MATHEWS CADILLAC, INC., Plaintiff and Appellant, v. PHOENIX OF HARTFORD INSURANCE COMPANY, Defendant and Respondent.

Civ. 16634.

Decided: February 26, 1979

Higgs, Fletcher & Mack and Joe N. Turner, San Diego, for plaintiff and appellant. Post, Kirby, Wideman & Noonan and Gregory A. Post, San Diego, for defendant and respondent.

Mathews Cadillac, Inc. (Mathews) appeals from an order and judgment of dismissal made pursuant to Code of Civil Procedure section 581a[FN1] for failure to have its judgment entered within three years after service of summons on defendant where no answer had been filed. On March 16, 1971, Mathews filed its complaint for breach of contract, breach of warranty, negligence and property damage naming seven defendants including, inter alia, V.P. Construction, Inc. (V.P.) and Larry S. Carroll, as administrator with will annexed of the estate of Vincent R. Provenzano, deceased (Carroll).

The action was based upon alleged defects in the construction of an apartment house project causing property damage. V.P. was personally served with summons and complaint on April 19, 1971; Carroll was served the following day. V.P. did not answer and a default was entered on this failure (June 24, 1971).
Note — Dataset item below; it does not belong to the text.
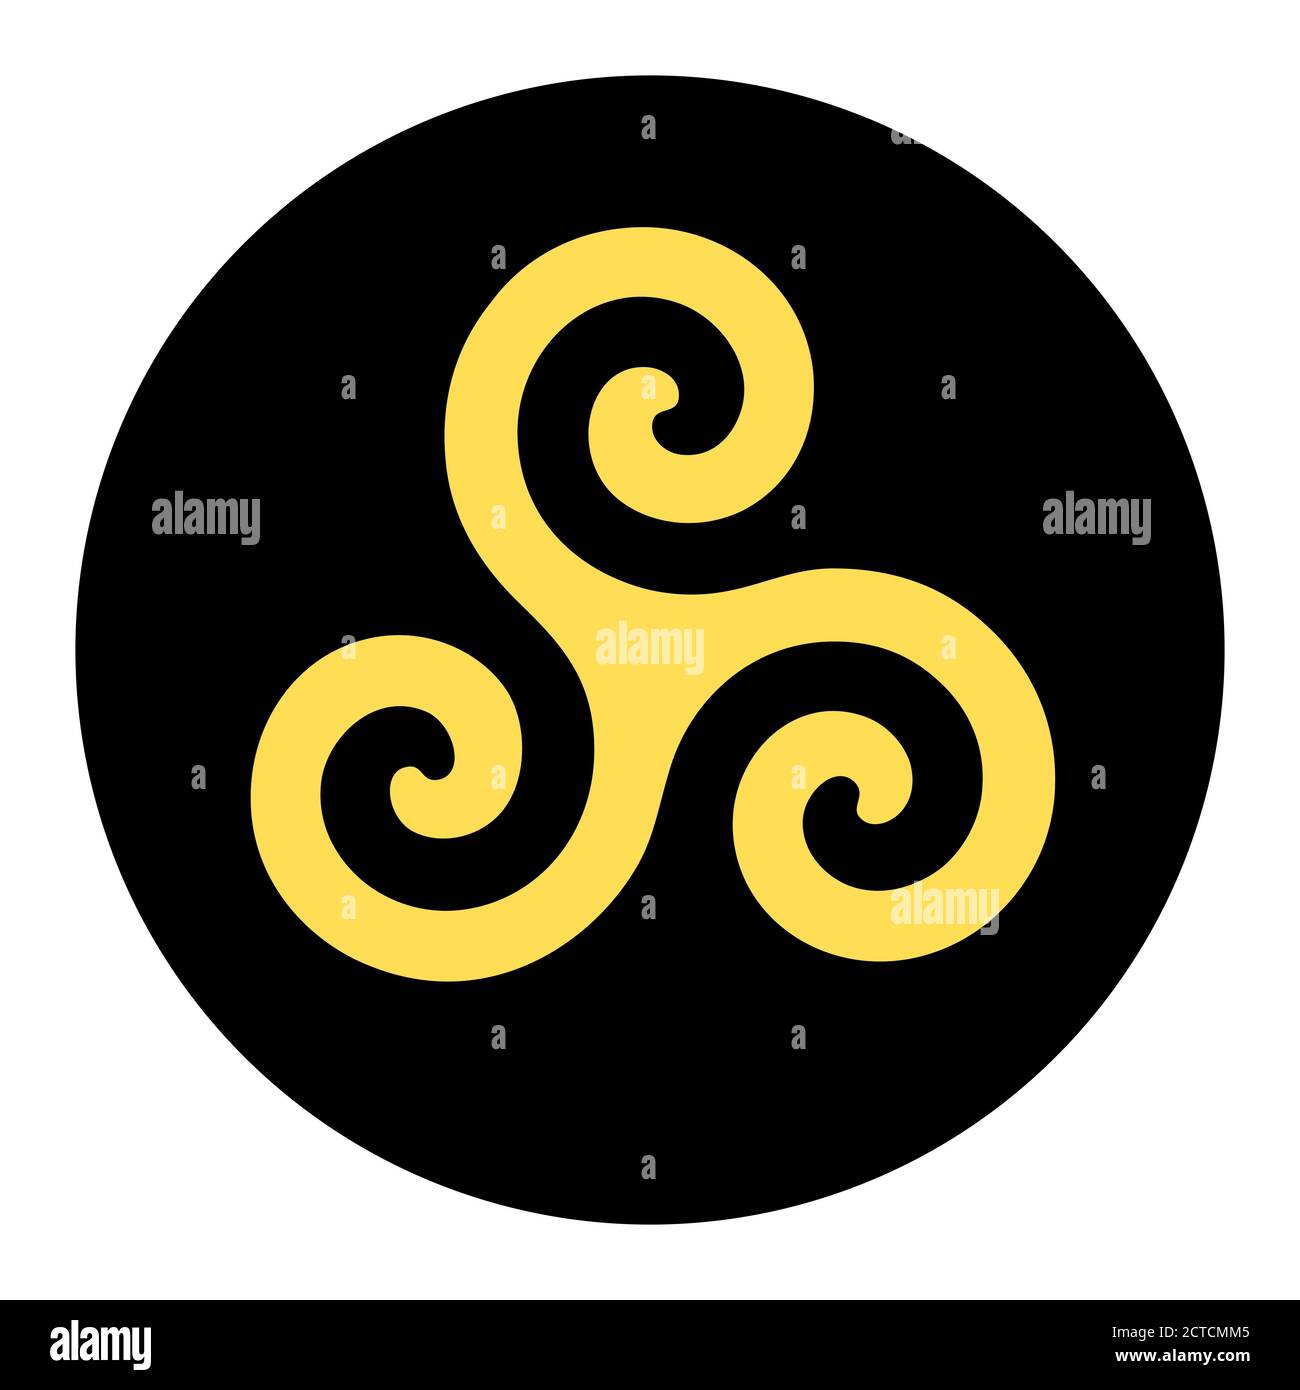 Yellow triskelion symbol icon in a black circle Stock Photo

Meanwhile, V.P. on March 1, 1971, filed a petition in the United States District Court, San Diego, seeking to be adjudicated bankrupt. That court adjudicated V.P. bankrupt and on June 30, 1971, entered its order of discharge.

On December 1, 1971, Mathews filed its first amended complaint setting forth the same grounds against the same named defendants but adding as additional defendant Phoenix of Hartford Insurance Company (Phoenix). Phoenix's legal responsibility was charged as liability insurer of V.P. and (decedent) Provenzano on the apartment construction project; Phoenix was not otherwise involved in the dispute between Mathews and the other defendants.
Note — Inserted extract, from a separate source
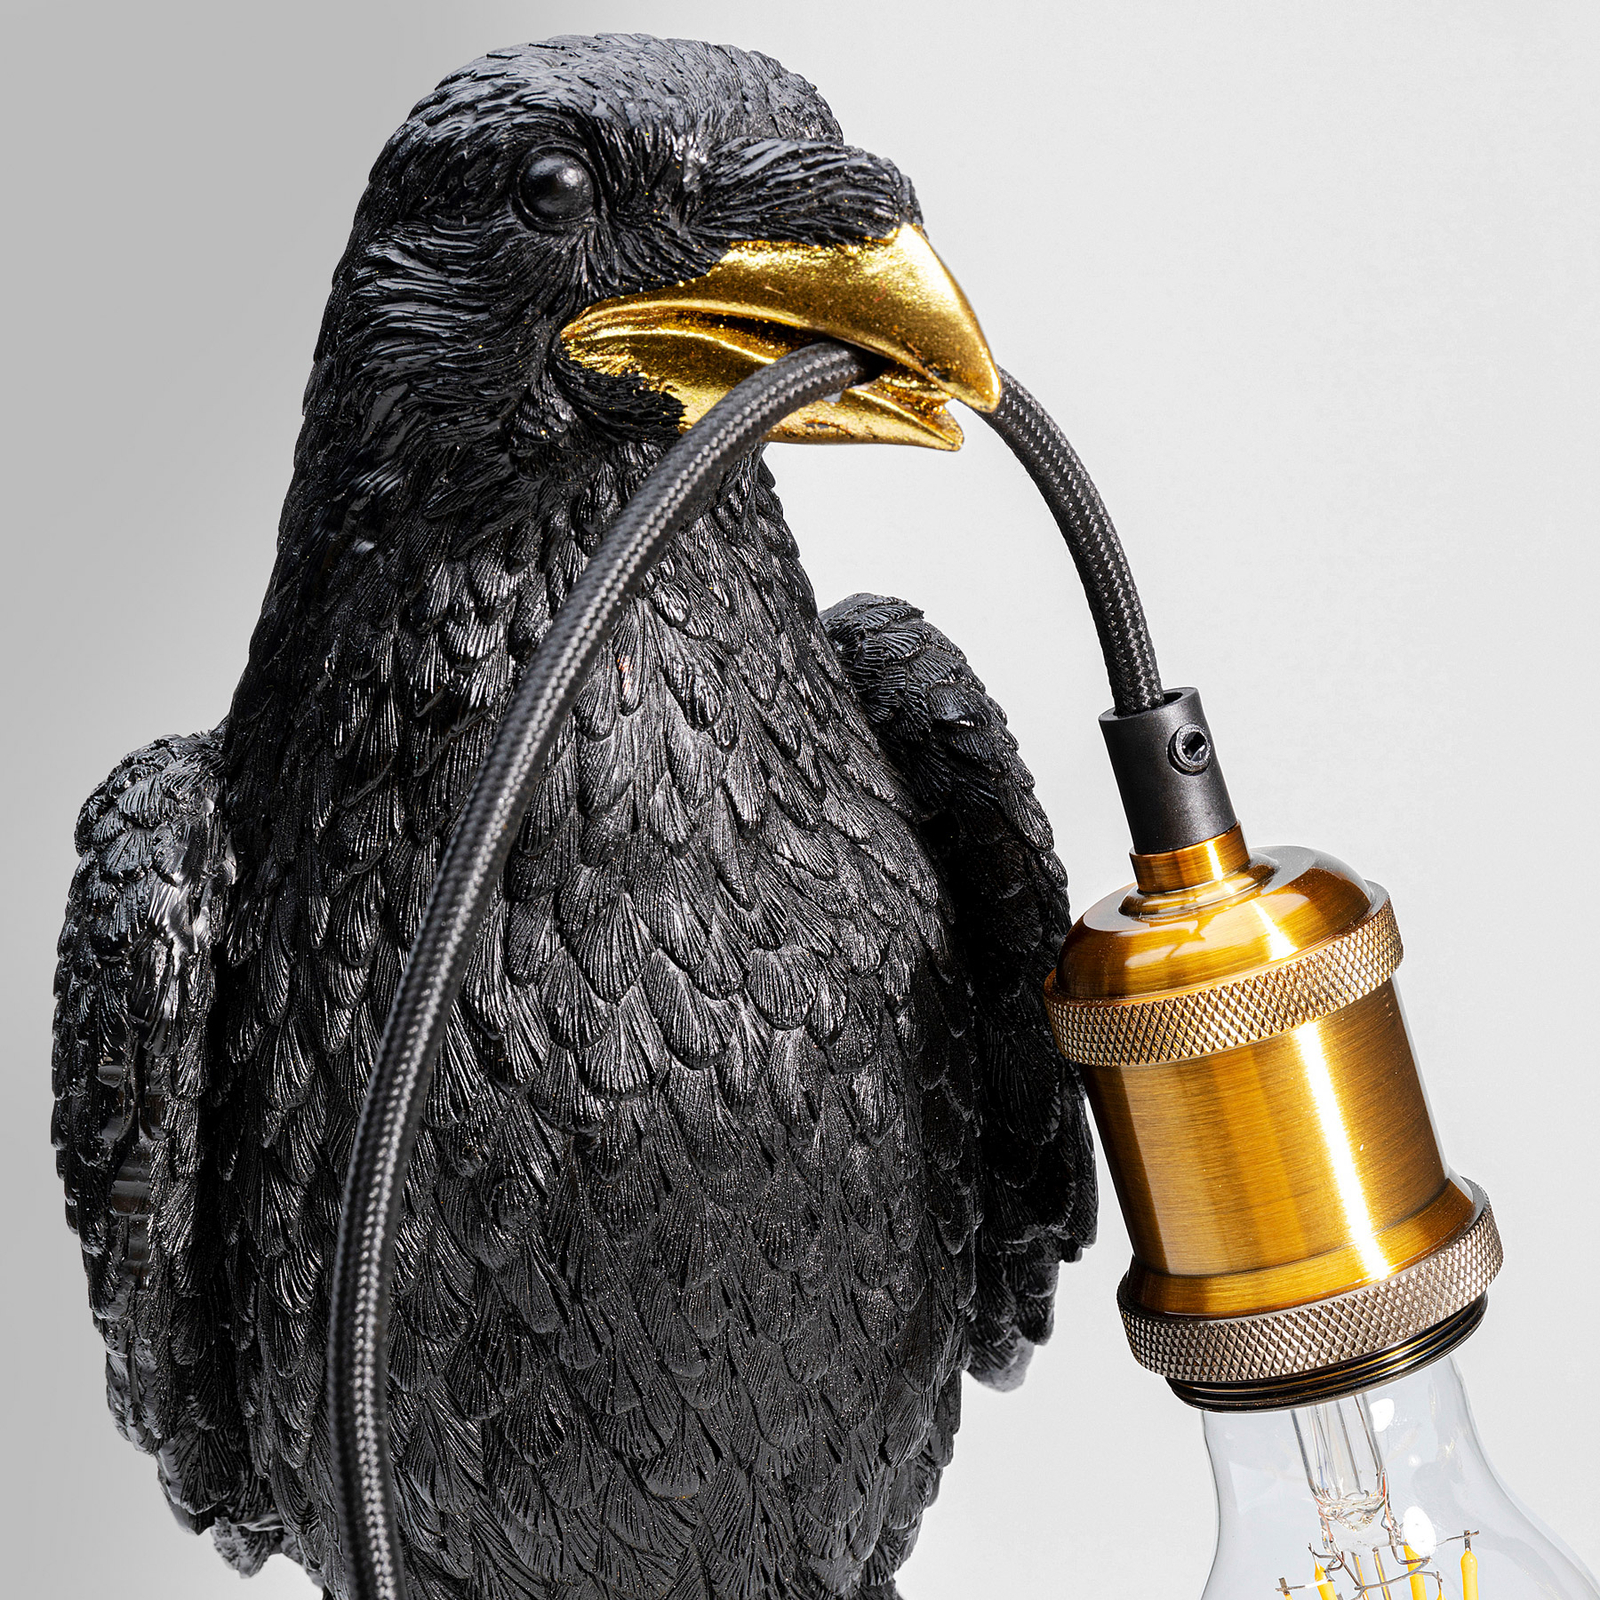 KARE Juodos spalvos stalinis šviestuvas "Animal Sitting Crow

On March 8, 1976, a default was entered against Carroll. No judgment has ever been entered against either V.P. or Carroll. Neither V.P. nor Carroll have ever filed an answer.

On February 23, 1977, more than five years after V.P. and Carroll had been served with process, Phoenix filed its motion to dismiss based upon Mathews' failure to have judgment entered within three years after service of process as required by section 581a, subdivision (c).[FN2] The trial court granted the motion, entered its order and judgment of dismissal as against V.P., Carroll and Phoenix, whereupon Mathews appealed.
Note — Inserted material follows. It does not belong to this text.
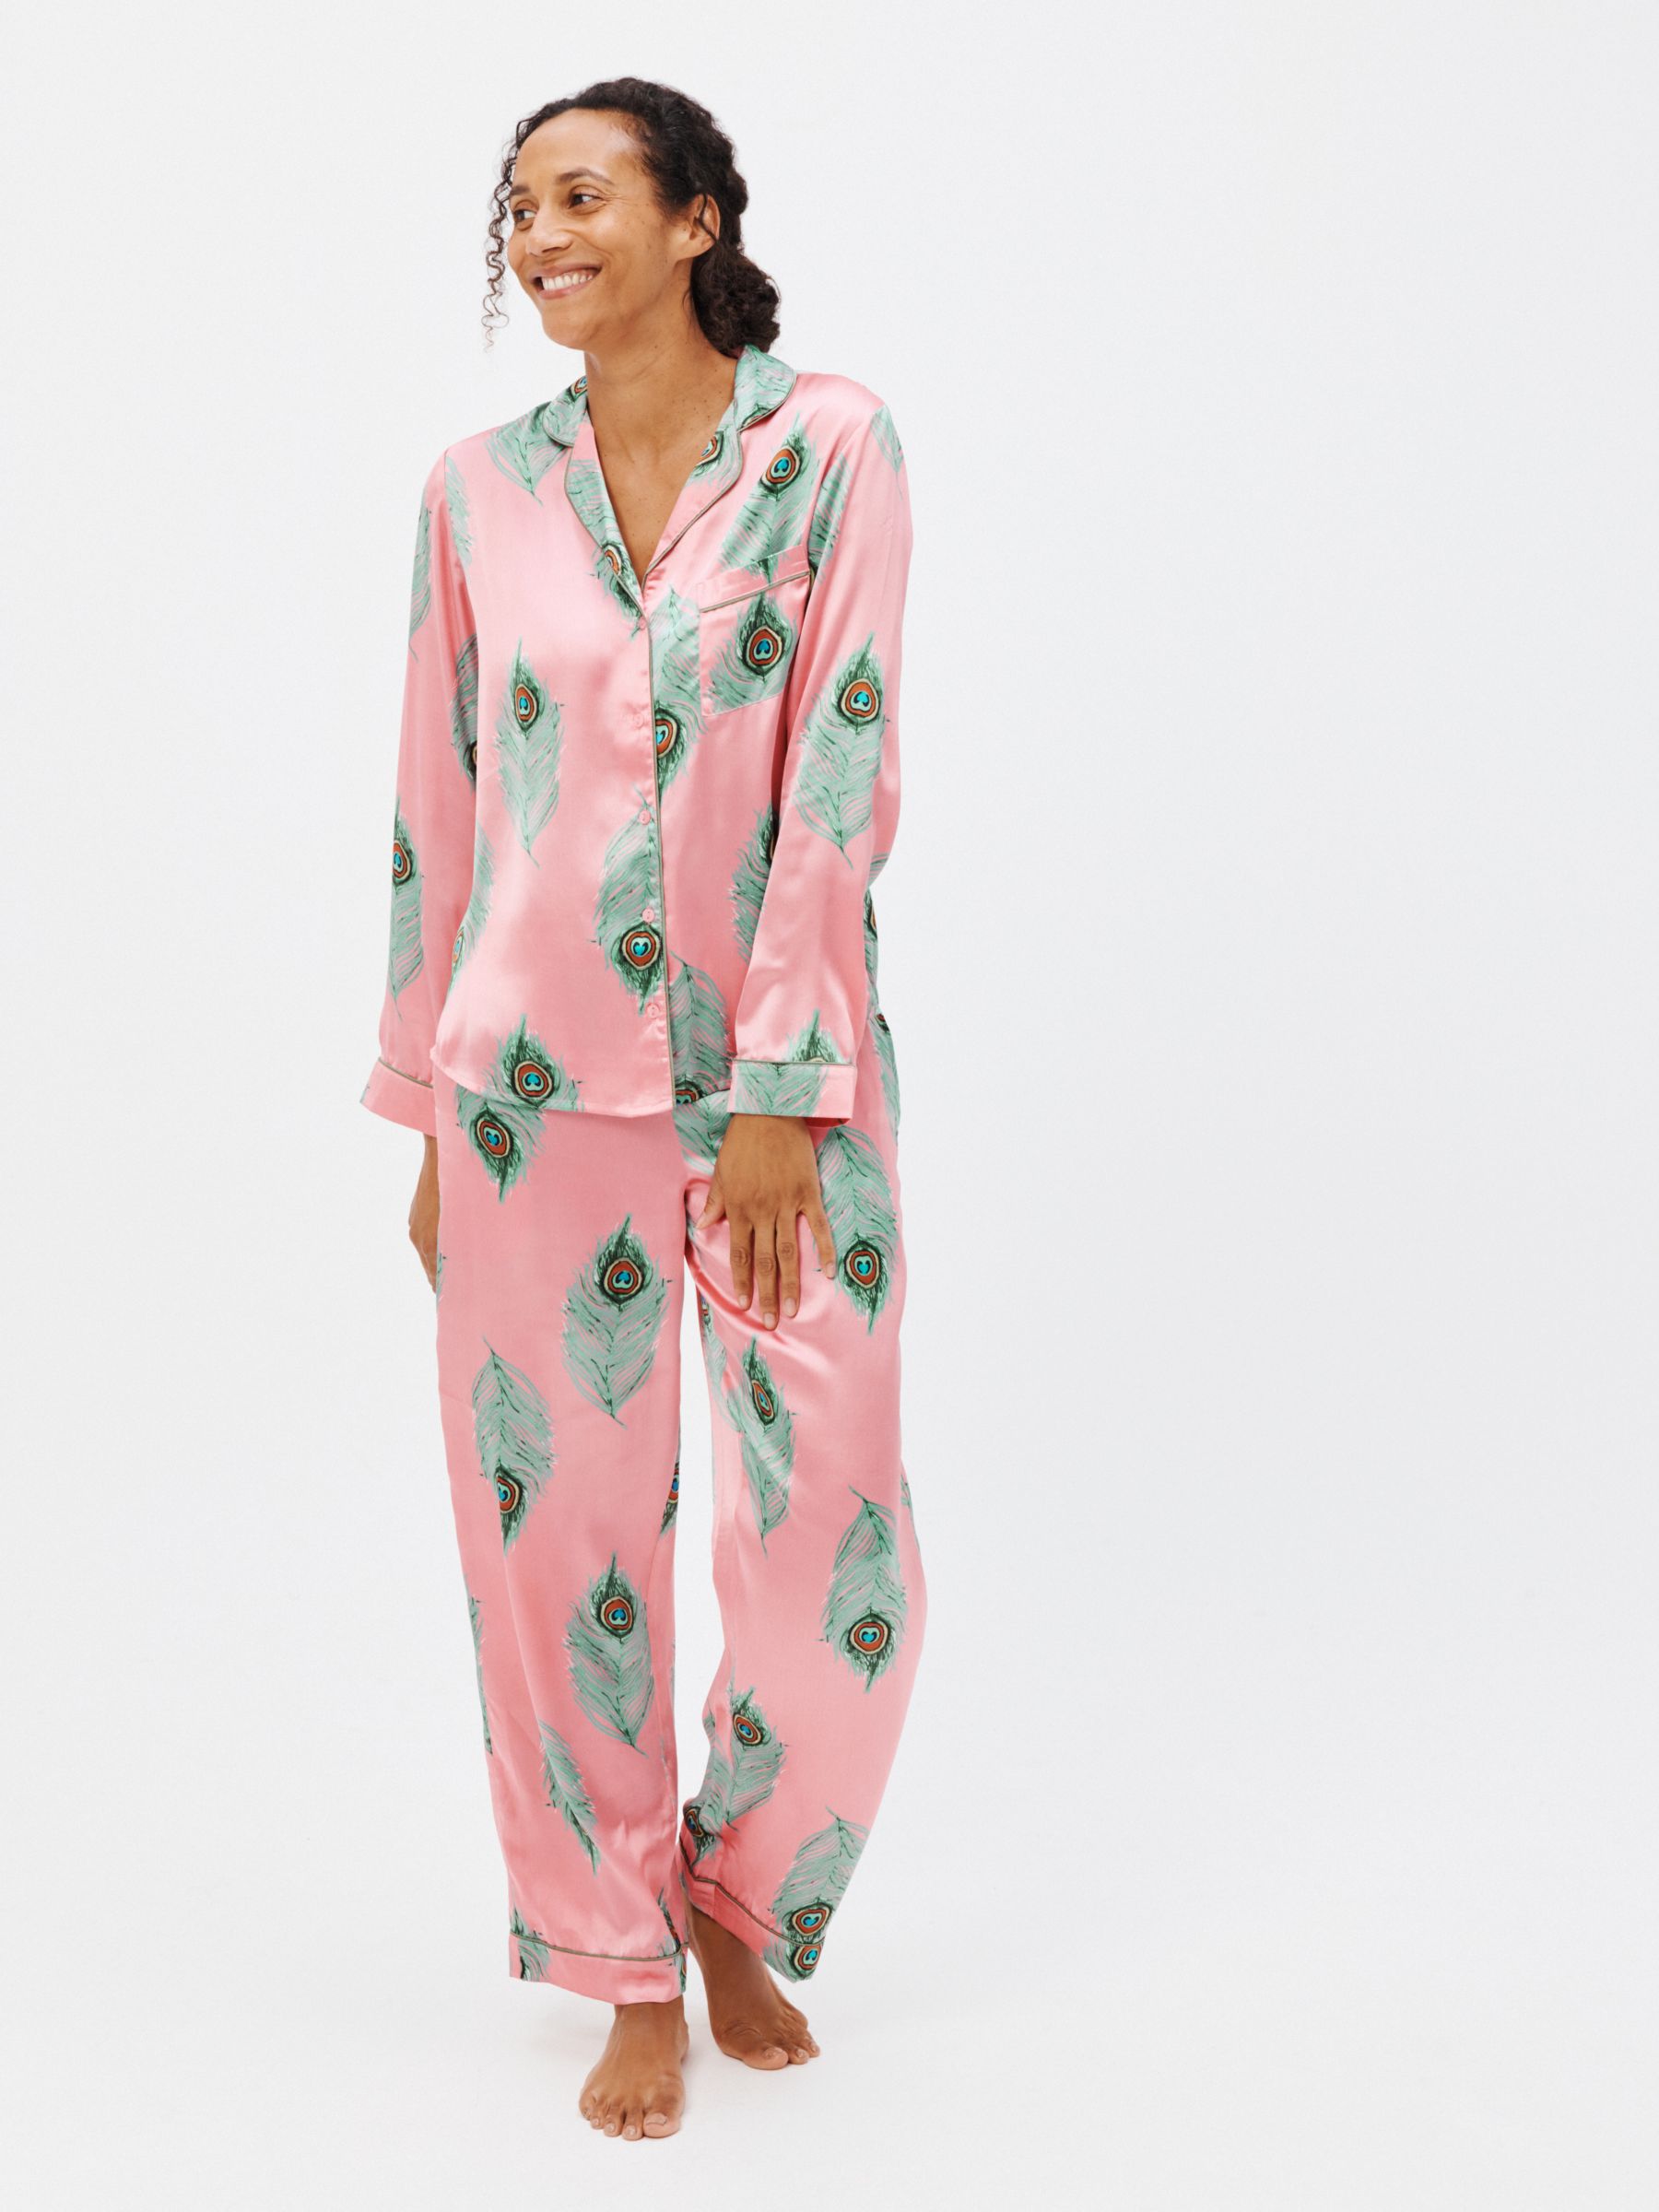 Truly Cami Silk Satin Pyjamas, Midnight at John Lewis & Partners

Mathews contends the trial court erred in dismissing its complaint against V.P. in that V.P. was not “amenable to the process” of the superior court.[FN3] Mathews argues it was restrained from continuing its lawsuit against V.P. by order of the bankruptcy court discharging V.P. of its debts. The difficulty with Mathews' position is that it is based on a misconstruction of applicable federal law. Section 14 of the Bankruptcy Act (11 U.S.C., s 32) was amended in 1970 to add subdivision (f) which provides:

“An order of discharge shall

“(1) declare that any judgment theretofore or thereafter obtained in any other court is null and void as a determination of the Personal liability of the bankrupt with respect to any of the following: (a) debts not excepted from the discharge under subdivision (a) of section 35 of this title; (b) debts discharged under paragraph (2) of subdivision (c) of section 35 of this title; and (c) debts determined to be discharged under paragraph (3) of subdivision (c) of section 35 of this title; and

“(2) Enjoin all creditors whose debts are discharged from thereafter instituting or continuing any action or employing any process to collect such debts as personal liabilities of the bankrupt.” (Italics added.)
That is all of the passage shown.